From the outside, Moore said, the optics resemble the foil-wrapped silver barrel of the Hubble Space Telescope. The telescopes have a 94-inch primary mirror - the same size as Hubble's - but its dimensions would allow instruments to see a broader swath of the sky at high resolution than NASA's famous observatory.

"It's about half the length of Hubble, so the mirror is polished much deeper," Moore said. "It looks much more like a bowl than a shallow dish. It's also a much lighter system. The state of the art moving forward has really made this a great piece of equipment."

Moore said the equipment is stored in Rochester, N.Y., at ITT Exelis, the telescope's manufacturer. Some of the components may need assembly.

NASA asked scientists to evaluate the optical telescope's suitability for the WFIRST mission, and the experts concluded the it was a good fit and would enable even better imaging than originally conceived for the next-generation observatory.

The $1.6 billion WFIRST mission was identified as the top priority for the next decade by astrophysicists in 2010, but NASA has not received enough funding to start development of the observatory, which aims to survey the cosmos to create a census of alien planets, study dark energy and chart the evolution of galaxies in the early universe.

Much of NASA's budget for astronomy and astrophysics is tied up in the James Webb Space Telescope, an over-budget $8.8 billion mission now scheduled for launch in October 2018. Until JWST's soaring development costs are behind it, NASA will not be able to start significant work on another large astrophysics mission.

Moore said it would cost "along the lines of" $250 million to build the optics for a mission of the class of WFIRST.

"There's still a lot of investment work and coordination that's required," Moore said. "On the upside, typically the longest and most difficult element in our program planning of our large telescopes has always been the optical system. And in this case, we simply don't have to spend any money on that."

The acquisition of the spy hardware will reduce the cost and development time of WFIRST, but it does not solve NASA's budget conundrum.

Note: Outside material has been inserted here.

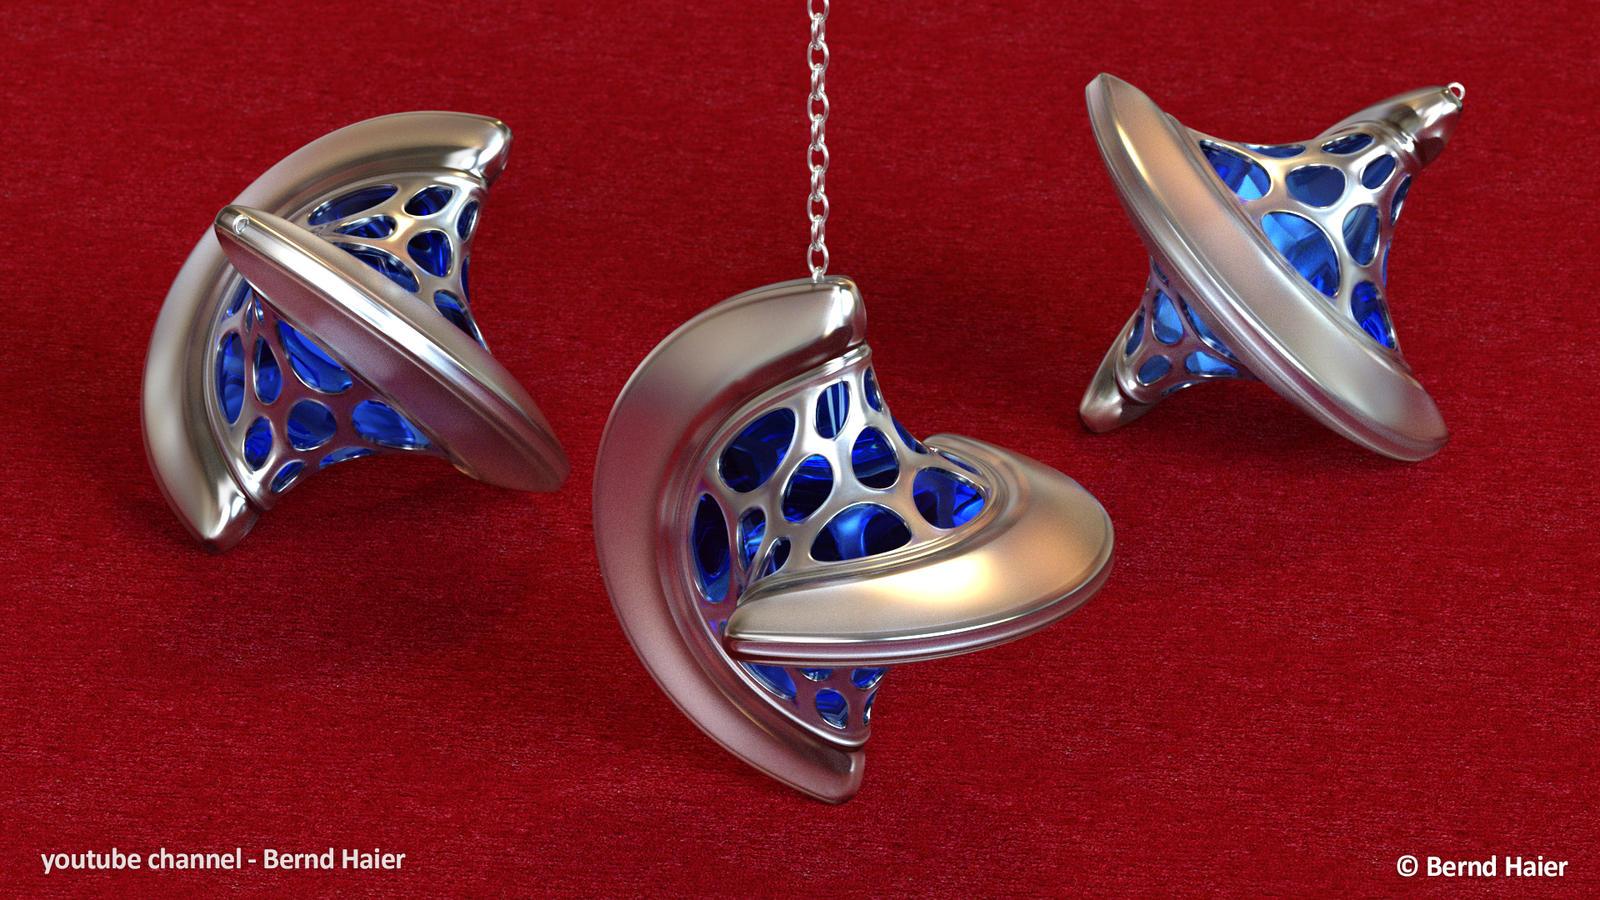 jewelry design part 9 pendant part 2 mat 8 by Bernd-Haier

If NASA gets the funding it expects over the coming decade, the earliest plausible time WFIRST could be on the launch pad is 2024, according to Paul Hertz, director of NASA's astrophysics division.

NASA still needs a budget to design and build science instruments and a spacecraft to support the telescope, along with a launch vehicle to send it to an operating post in space.

The best-case scenario is a launch in 2019 or 2020, but that assumes "money is no object," Hertz said. "We have no reason to believe that will happen."

But Spergel said the availability of a qualified telescope makes the mission more likely to proceed into development and launch.

"Some of the things WFIRST is going to do are tricky, but I would say I'm optimistic at this point," said Alan Dressler, an astrophysicist at the Carnegie Institution of Washington who also reviewed the compatibility of the NRO spy telescope and WFIRST.

Scientists envisioned a 59-inch mirror on WFIRST. The primary mirror was sized to simplify development and construction of the mission's telescope section, reducing the project's overall cost.

But the 94-inch aperture on the NRO optical system will permit Hubble-class resolution over a wide field-of-view - imaging a swath of the sky 100 times larger than Hubble can see in a single exposure.

"The bigger aperture size gives you sharper images of galaxies and stars," Spergel said.

Not only would WFIRST's observations answer key questions about the expansion of the universe, dark energy and surveys for exoplanets, it might also find interesting targets for follow-up by JWST, which has a primary mirror nearly three times larger than Hubble and the spy telescope acquired from the NRO, according to Hertz.

Until NASA has money to do something with the NRO telescopes, it will cost the space agency up to $100,000 per year to maintain the sensitive hardware in a clean room.

"The two telescopes are identical, and we received them as a package deal from the NRO," Hertz said. "We don't, at this point in time, ever anticipate being rich enough to use both of them, but it sure would be fun to think about, wouldn't it?"